For a large part of the last couple of years, I have decided not to write when I didn’t feel like it. In some of these cases, not writing wasn’t a problem. Others, like when a paper was due, probably should have been times when I fought through my feelings and just wrote something. Another detractor in these situations was whether I was assigned to write something. School assignments were often less than appealing because I was writing about something I didn’t really care about or because I have some deep-seated desire to only do my own thing and not be told what to do (this is a joke future employers (mostly)).
Today is more along the lines of what would be considered a “funk.” Other things are weighing on me and leading me to not really want to do anything, not just write. Both the “funk” and the school/assignment stuff are difficult to write through, but the biggest difference is that you don’t really have a choice about whether you will do an assignment. Writing your own thing while in a funk can lead to not doing anything, ever.
Deciding whether or not to talk about why I don’t want to write today leads to another topic that I have seen fairly widely discussed recently, that of how much to share online and what responsibility a creator has to reveal a large amount about their personal lives. At this point I’ve already shared that something is going on, and people could go through everything I’ve posted or written to try figuring out what’s going on, but how specific do I need to be or should I be?
I think there is always room for sharing a fair amount, but there is also room for discretion. Suffice to say, at this point, there is the place I currently am, the place I would like to be, and an unknown gap between those two thing. My stress comes from how to cross that gap.
(Side note: I didn’t say at the start, but I decided to do very little editing to these posts just to keep a stream of ideas flowing. I kind of connected the first two thoughts, and even this maybe doesn’t need to be here, but I kind of just want to see what happens as I go. A very journal-esque style, if you will.)
Often, when I hit a point of not wanting to do anything, I turn to mindless YouTube-viewing. Not things like watching all of Casey Neistat’s videos – that at least had some purpose to it. My mindlessness on YouTube looks more like Whose Line is it Anyway clips from almost 20 years ago. I can’t justify binging on Netflix, but somehow watching the same amount of time in 4-minute clips is more acceptable than 30- or 60- minute chunks. Perhaps the “I can stop at any time” or “maybe just one more thoughts” seem more believable when the end is only 4 minutes away.
This is not to disparage YouTube – I love YouTube and create content on it. This is much more a reflection on myself and why I do the things I do – not that I have any answers. How much of my content has been that – an answer-seeking search for something? Anyone wondering how many sentences I can put into this paragraph with a dash? – I know I am.
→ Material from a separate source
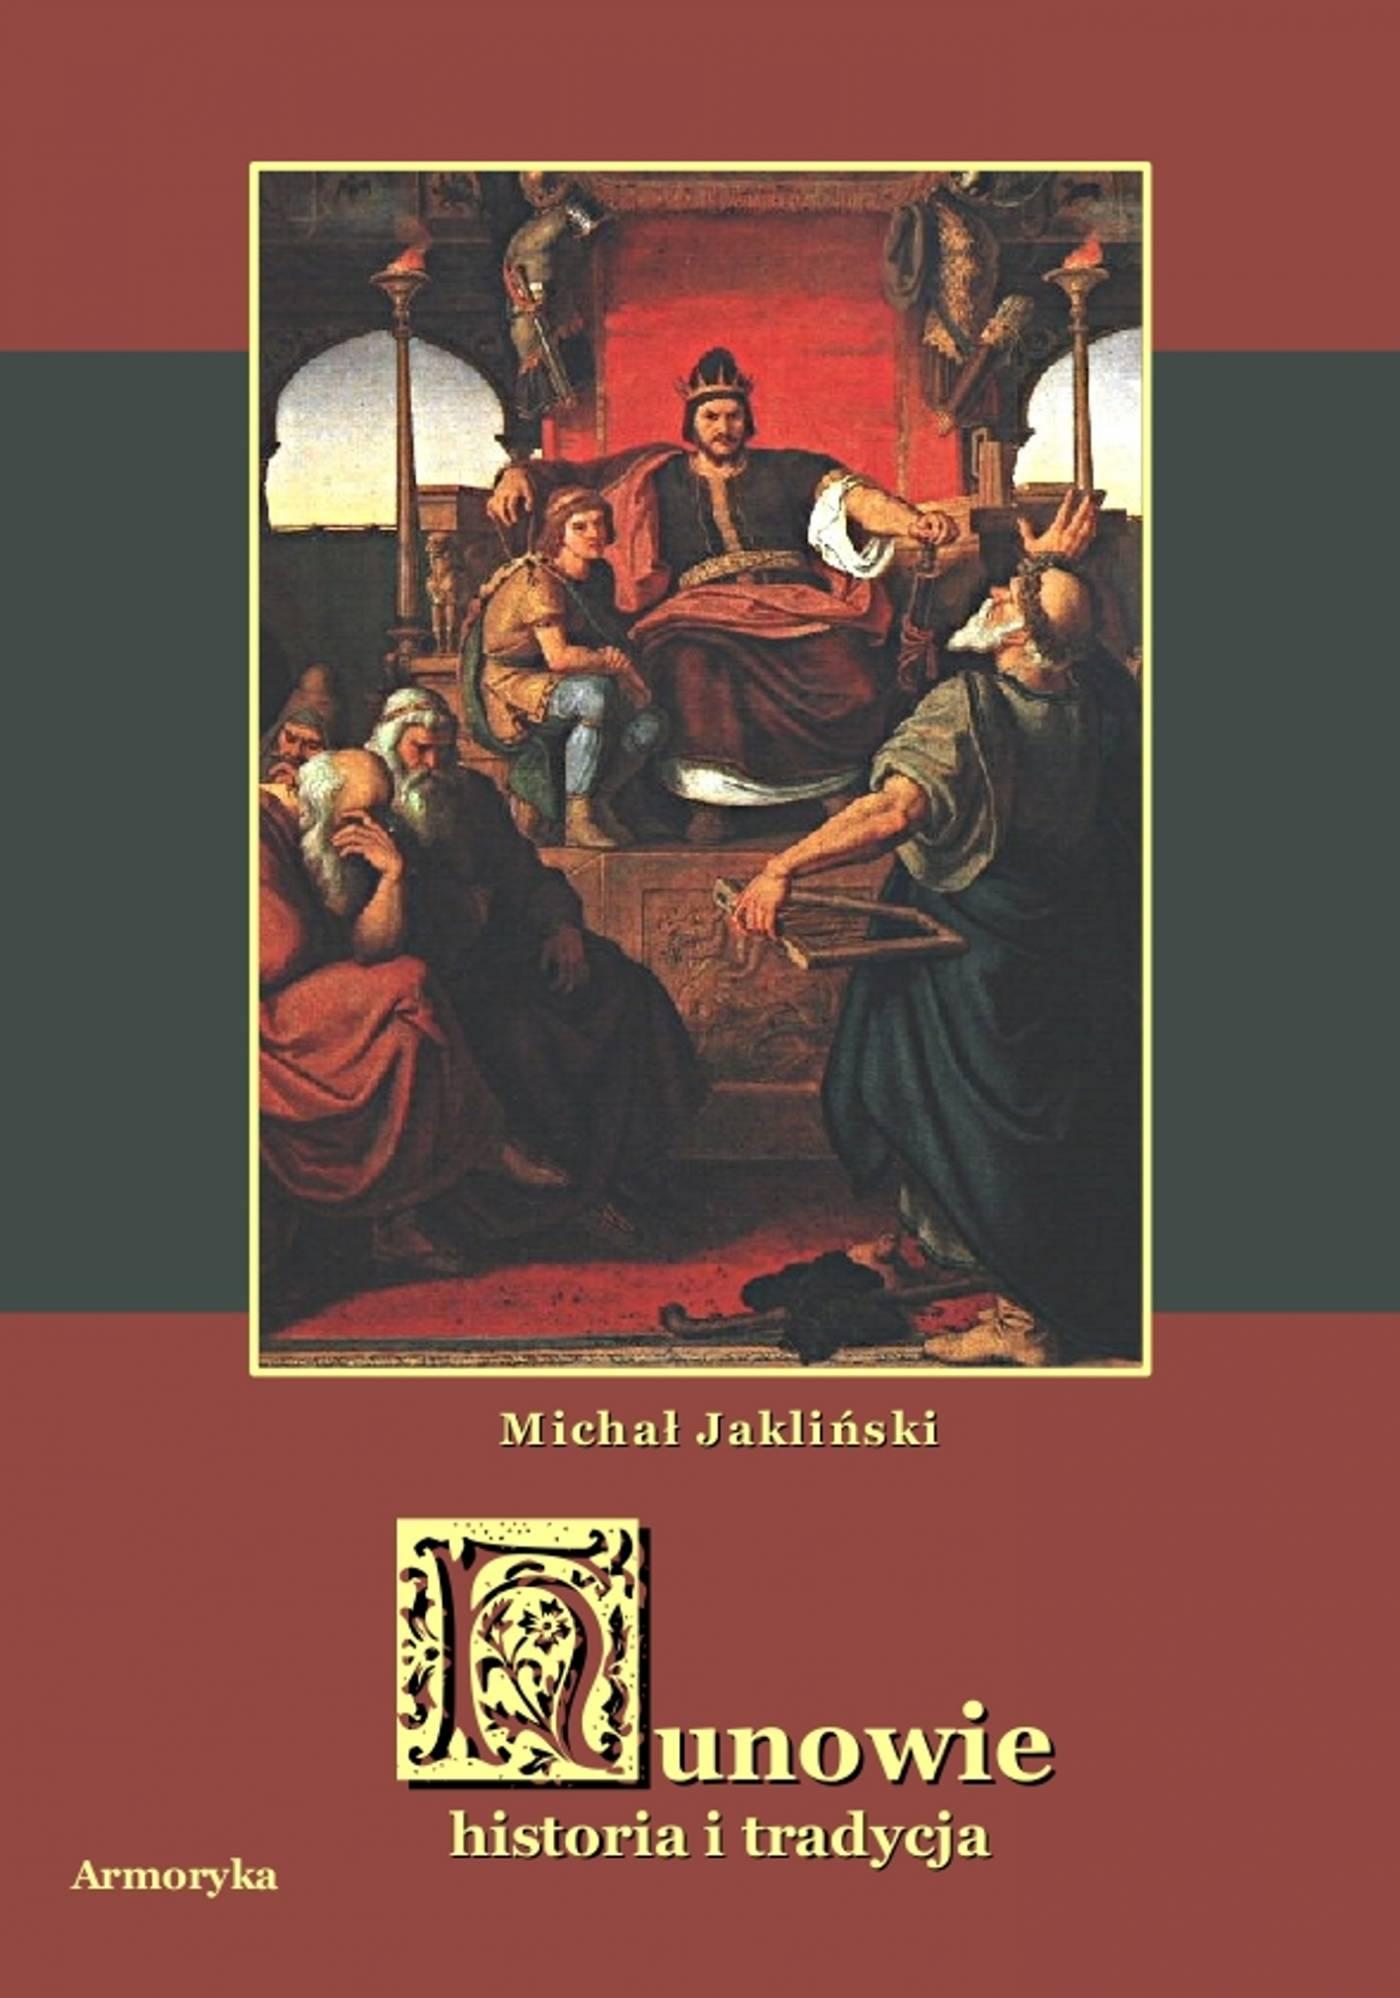 Hunowie. Historia i tradycja - Ebook (Książka EPUB) do pobrania w formacie EPUB

All of this is to say that I’m wondering what comes next in life. Many times I wish I just had answers instead of having to go through the process of learning stuff. I don’t know whether that would be easier or more fun, but it often seems like it would be less painful and less time-consuming.
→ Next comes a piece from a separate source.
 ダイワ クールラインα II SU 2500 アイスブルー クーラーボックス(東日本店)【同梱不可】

Fun isn’t even necessarily my main goal when I think about what I want to do (a topic I’ll likely discuss at length in the future). Much bigger for me and my personality is wanting to feel fulfilled, like I’m doing something worthwhile. I have been baffled for as long as I can remember at people who hate their jobs, but stay there for years. I realize that money is an unfortunate need, but staying somewhere just to have a job feels like something I don’t want to do. Wanting is not always the option we get to chase, but loathing seems like a mis-adjustment in the wrong direction (try parsing that English). This is likely why I’ve had difficulty trying to figure out “what I want to do with my life.” I don’t have one thing I want to do; I have one way that I want to live.
Moving forward without having answers is one of my biggest frustrations at the moment. I like knowledge rather than hindsight to know why something is happening. Career limbo is less fun. It’s an exhausting place to be.
Moving forward, I’m sure it would be nice to both write and read about something other than me not knowing what’s going on, but I spend an unfortunate amount of brainpower trying to figure out what life even is (that is, all the brainpower I spend on not learning that brainpower is apparently one word. We learn things every day, don’t we). Sometimes I just need to write what’s happening and what I’m feeling, especially when I don’t feel like writing.
If anyone figures out how to life, please let me know. I’ll let everyone know how to life if I figure it out at some point (cliches like “you can do it” or “pain makes gain” or whatever DO NOT COUNT. Consider yourself warned). In the meantime, as I have found myself saying for a while now, “just one more week.” Until then, I guess I’ll just stay on the grind (oh no, the cliches are getting to me! I need to figure this out sooner rather than later! I don’t have the brainpower or brain power to fight through cliches too! I don’t even know if I completely know what a cliche is!).